¿Por qué siguen matando a líderes sociales? – El Espectador, Colombia

629

Los conceptos vertidos en esta sección no reflejan necesariamente la línea editorial de Nodal. Consideramos importante que se conozcan porque contribuyen a tener una visión integral de la región.

Cómo es posible, si el Gobierno estaba en el territorio, y todos los reflectores se han posado sobre Tumaco, que asesinen a un líder social que había solicitado protección por amenazas contra su vida? ¿Cuántas más veces tendremos que plantear preguntas similares? ¿Cómo puede hablarse de paz regional si quienes le apuestan a la institucionalidad terminan silenciados? ¿Cuál es la excusa en esta ocasión?

El martes se supo que José Jair Cortés fue asesinado en la zona rural del municipio de Tumaco, Nariño. Cortés era uno de los miembros del Consejo Comunitario del territorio de Alto Mira y Frontera, y había sido uno de los principales críticos contra la violación de los derechos humanos de las poblaciones locales. Hace poco fue una de las voces que denunciaron la masacre que dejó a siete campesinos muertos y otros tantos heridos en hechos aún por esclarecer, que involucraron a la Fuerza Pública.

Tal vez lo más frustrante del relato sobre Cortés es que se trata de una muerte anunciada. La Corporación Colectivo de Abogados José Alvear Restrepo expidió un comunicado, donde se dice que el líder “tenía amenazas hace varios días, situación que fue puesta en conocimiento por parte del Consejo Comunitario hace 20 días, aproximadamente, ante las autoridades competentes”. Es necesaria, entonces, la pregunta: ¿es el Estado incapaz de proteger a los líderes sociales?

El alto comisionado de la ONU para los Derechos Humanos en Colombia repudió los hechos. Por su parte, la Defensoría del Pueblo de Colombia también rechazó el asesinato y exigió el “esclarecimiento de los hechos”. Miembros de la comunidad le dijeron a Caracol Radio que sospechaban que los responsables eran narcotraficantes, que están ejerciendo control sobre el territorio.
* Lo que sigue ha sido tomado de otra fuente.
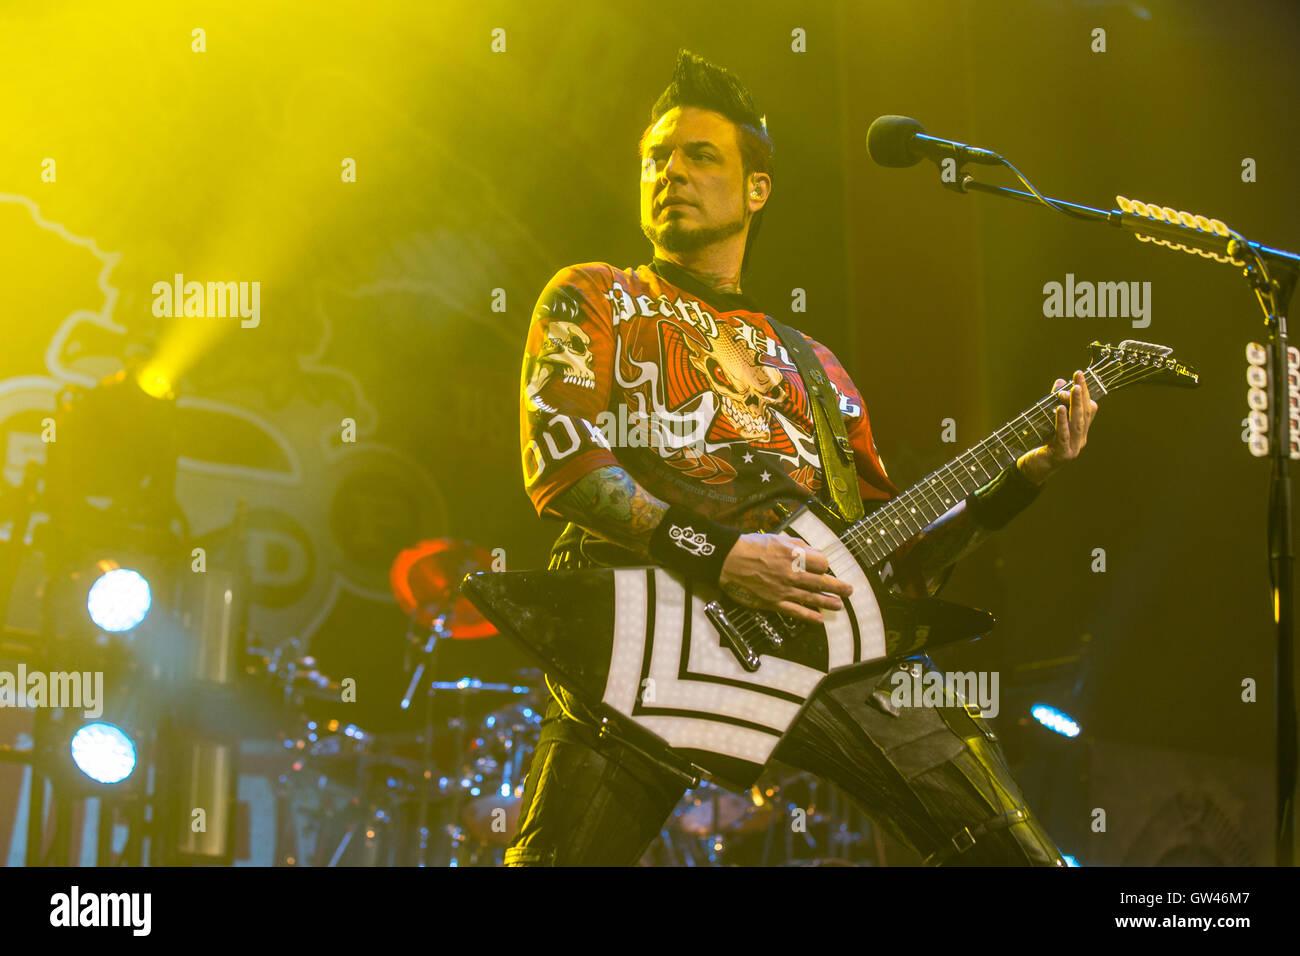 Jason Hook, guitarrista de muerte de cinco dedos punzón en Abbotsford Centro en Abbotsford, Canadá el 9 de septiembre Foto de stock

Las investigaciones están en proceso.

En respuesta al asesinato, Camilo Romero, gobernador de Nariño, dijo que “nuevamente nos resistimos a aceptar que la guerra siga dejando su huella en el Pacífico nariñense”. Esa es, sin duda, la única reacción posible, pero no deja de ser frustrante que después del acuerdo con las Farc tengamos que hablar de “resistencia”, en vez de estar construyendo un nuevo país.

Lo claro con lo ocurrido es que todos los miedos que se expresaron en las negociaciones se están materializando. La fuerza del narcotráfico es cada vez más abrumadora y sigue dominando sobre las repúblicas independientes de la coca. El Estado ha sido incapaz de suplir los vacíos de gobernabilidad dejados por las Farc y tampoco, como vemos, tiene total monopolio sobre el ejercicio de la fuerza. La población, mientras tanto y en ausencia de alternativas, sigue persiguiendo el sueño de la coca como único medio de sustento. Los pocos líderes que le apuestan a la construcción de democracia están sujetos a constantes amenazas cuya letalidad, como lo demuestra el caso de Cortés, no puede ignorarse.

Entonces, ¿qué hacemos? En este espacio hemos celebrado la disposición del Gobierno por reconocer estos hechos y enfrentarlos, por lo menos en sus discursos. Pero la realidad demuestra que las medidas tomadas están siendo ineficientes. El problema es que entre más tiempo pasa, la situación se recrudece y se hace más difícil responder. ¿Cuántos editoriales más nos veremos forzados a escribir lamentando este tipo de muertes?